Être présent pour la femme enceinte, ce n’est pas seulement l’aider à porter les courses. C’est repérer les signaux faibles, anticiper, rassurer, calmer l’angoisse de l’accouchement ou de la parentalité qui approche. Le cercle familial joue aussi un rôle : la présence des proches, mère, sœur, belle-mère, allège la charge mentale, tisse un cocon autour de la future mère, protège du sentiment d’isolement.

Parfois, il faut aller plus loin. Quand le dialogue ne suffit plus, consulter une sage-femme ou un professionnel de santé fait la différence. Un regard extérieur, neutre, repère ce que le couple a du mal à percevoir : fatigue, anxiété, conflits latents. Les rituels autour de la naissance, la nfâsa, les paroles bienveillantes, la mobilisation du foyer, témoignent d’un soutien social ancré, où chacun a sa place auprès de la mère et de l’enfant.

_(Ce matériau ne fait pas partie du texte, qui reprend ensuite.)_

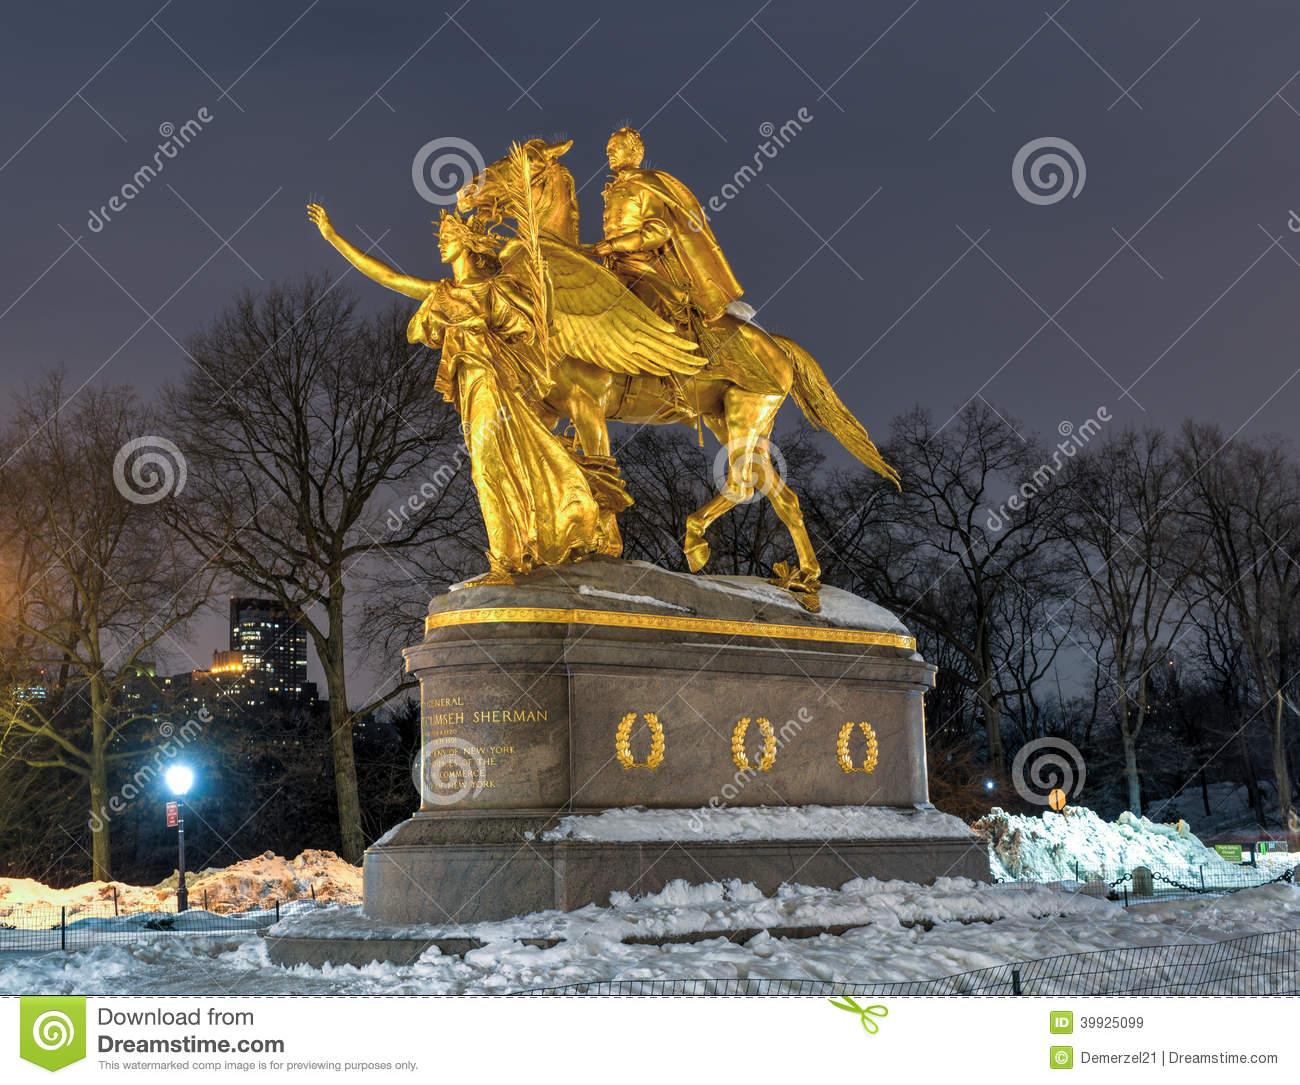 William Sherman Memorial Located In New York City On The Corner Of.

Voici quelques leviers simples mais puissants à activer au quotidien pour renforcer la complicité :

  • Partager de vrais moments ensemble, loin de la routine ou des tâches obligatoires.
  • Valoriser la reconnaissance mutuelle : prendre le temps de remercier, de féliciter, d’encourager.
  • Mettre sur la table les inquiétudes liées à la grossesse, même les plus banales en apparence.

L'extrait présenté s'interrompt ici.